Lab 12: Building and Regularizing your first Neural Network

Harvard University
Fall 2019
Instructors: Pavlos Protopapas, Kevin Rader, Chris Tanner
Lab Instructors: Chris Tanner and Eleni Kaxiras.
Authors: Eleni Kaxiras, David Sondak, and Pavlos Protopapas.

In [ ]:
## RUN THIS CELL TO PROPERLY HIGHLIGHT THE EXERCISES
import requests
from IPython.core.display import HTML
styles = requests.get("https://raw.githubusercontent.com/Harvard-IACS/2018-CS109A/master/content/styles/cs109.css").text
HTML(styles)
In [ ]:
import numpy as np
import matplotlib.pyplot as plt
import matplotlib.image as mpimg
import numpy as np
import pandas as pd
%matplotlib inline

from PIL import Image
In [ ]:
from __future__ import absolute_import, division, print_function, unicode_literals

# TensorFlow and tf.keras
import tensorflow as tf

tf.keras.backend.clear_session()  # For easy reset of notebook state.

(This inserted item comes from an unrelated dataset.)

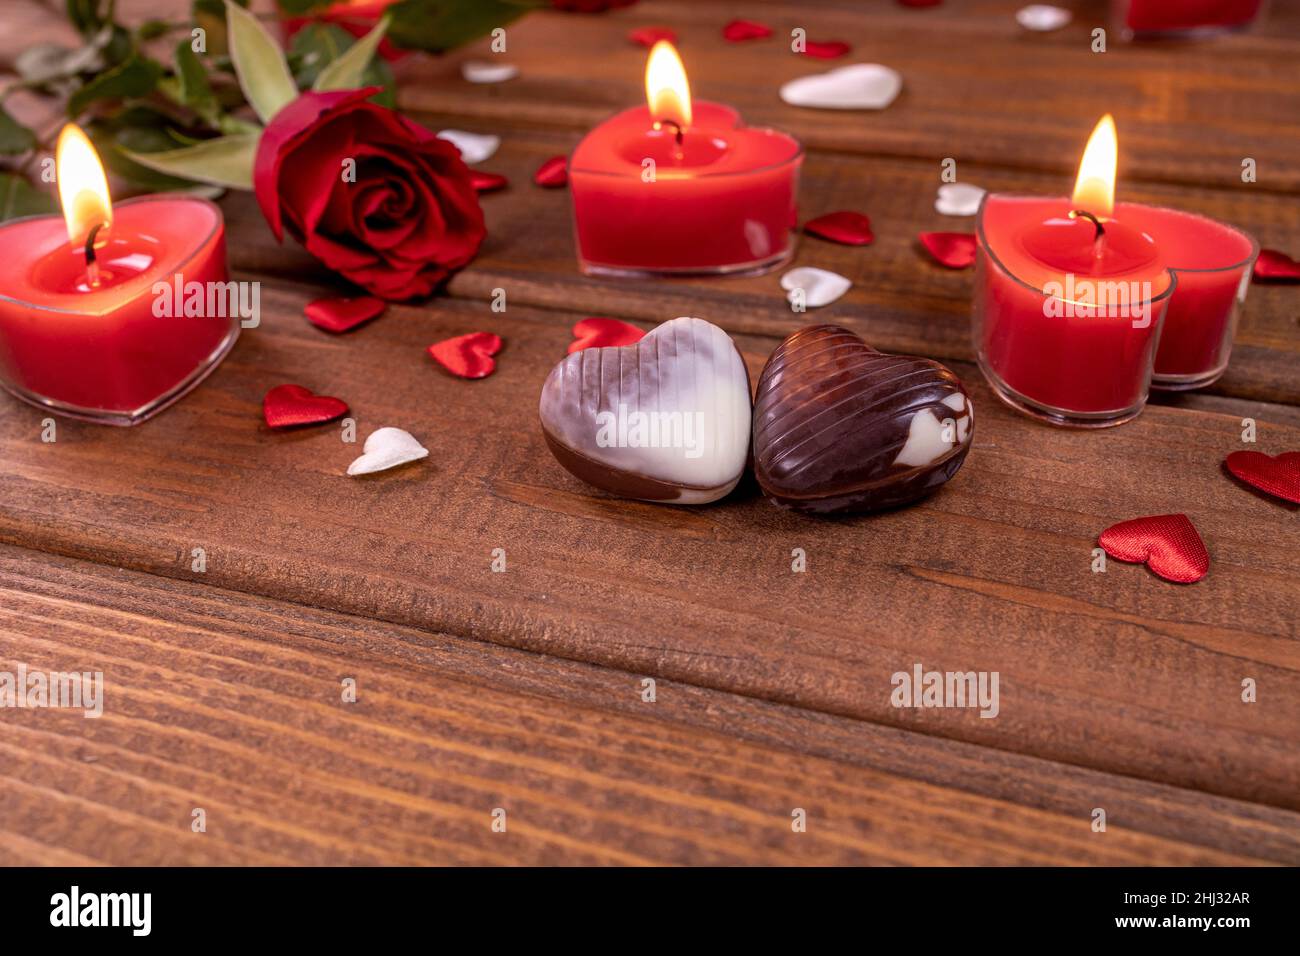 San Valentino concetto cioccolato caramelle a forma di cuore e rose rosse con candele su legno. Concetto di amore e romanticismo. Foto Stock

print(tf.__version__)  # You should see a 2.0.0 here!

Picking up where we left off tf.keras with Tensorflow 2.0:

tf.keras.models.Sequential
tf.keras.layers.Dense, tf.keras.layers.Activation, 
tf.keras.layers.Dropout, tf.keras.layers.Flatten, tf.keras.layers.Reshape
tf.keras.optimizers.SGD
tf.keras.preprocessing.image.ImageDataGenerator
tf.keras.regularizers
tf.keras.datasets.mnist

Learning Goals

In this lab we will continue with the basics of feedforward neural networks, we will create one and explore various ways to optimize and regularize it using tf.keras, a deep learning library inside the broader framework called Tensorflow. By the end of this lab, you should:

  • Understand how a simple neural network works and code some of its functionality using tf.keras.
  • Think of vectors and arrays as tensors. Learn how to do basic image manipulations.
  • Implement a simple real world example using a neural network. Find ways to improve its performance.

Part 1: Motivation

In class discussion : why do we care about Neural Nets?

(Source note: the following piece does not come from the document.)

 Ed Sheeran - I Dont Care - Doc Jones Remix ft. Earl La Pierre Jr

Buzzwords: Linearity, Interpretability, Performance

Part 2: Data Preparation

Tensors

We can think of tensors as multidimensional arrays of real numerical values; their job is to generalize matrices to multiple dimensions.

  • scalar = just a number = rank 0 tensor ($a$ ∈ $F$,)

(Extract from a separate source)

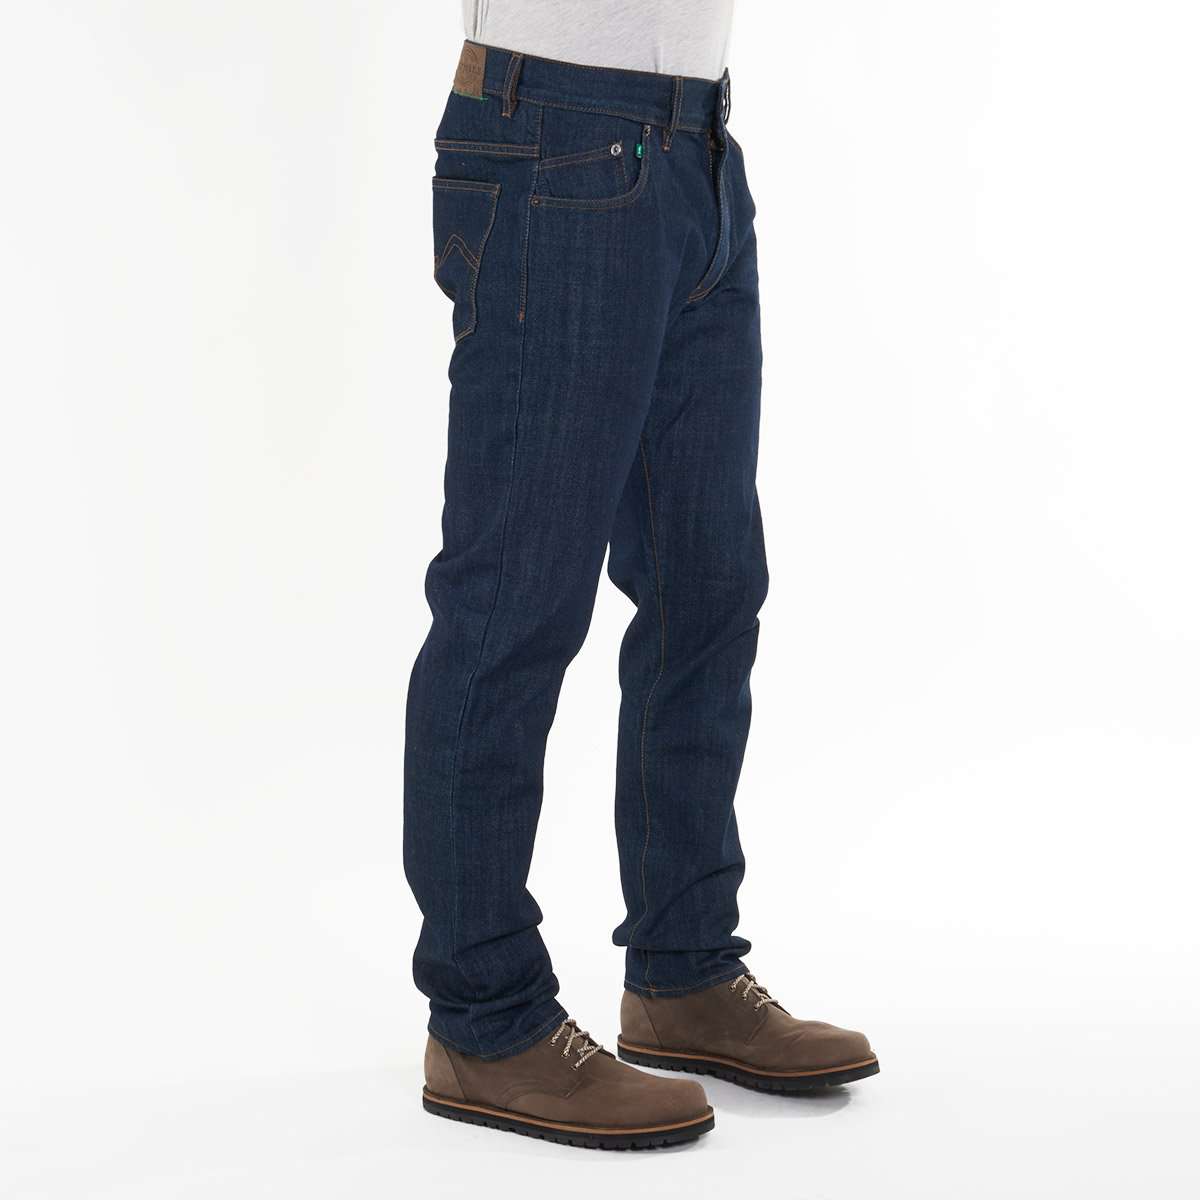 Nachhaltige Herren-Jeans von fairjeans: 100% Bio-Baumwolle, Regular Fit, kein Elasthan

  • vector = 1D array = rank 1 tensor ( $x = (\;x_1,...,x_i\;)⊤$ ∈ $F^n$ )

  • matrix = 2D array = rank 2 tensor ( $\textbf{X} = [a_{ij}] ∈ F^{m×n}$ )

  • 3D array = rank 3 tensor ( $\mathscr{X} =[t_{i,j,k}]∈F^{m×n×l}$ )

  • $\mathscr{N}$D array = rank $\mathscr{N}$ tensor ( $\mathscr{T} =[t_{i1},...,t_{i\mathscr{N}}]∈F^{n_1×...×n_\mathscr{N}}$ ) <-- Things start to get complicated here...

Tensor indexing

We can create subarrays by fixing some of the given tensor’s indices. We can create a vector by fixing all but one index. A 2D matrix is created when fixing all but two indices. For example, for a third order tensor the vectors are

$\mathscr{X}[:,j,k]$ = $\mathscr{X}[j,k]$ (column),
$\mathscr{X}[i,:,k]$ = $\mathscr{X}[i,k]$ (row), and
$\mathscr{X}[i,j,:]$ = $\mathscr{X}[i,j]$ (tube)

Tensor multiplication

We can multiply one matrix with another as long as the sizes are compatible ((n × m) × (m × p) = n × p), and also multiply an entire matrix by a constant. Numpy numpy.dot performs a matrix multiplication which is straightforward when we have 2D or 1D arrays. But what about > 3D arrays? The function will choose according to the matching dimentions but if we want to choose we should use tensordot, but, again, we do not need tensordot for this class.

Reese Witherspoon as a Rank 3 Tensor

A common kind of data input to a neural network is images. Images are nice to look at, but remember, the computer only sees a series of numbers arranged in tensors. In this part we will look at how images are displayed and altered in Python.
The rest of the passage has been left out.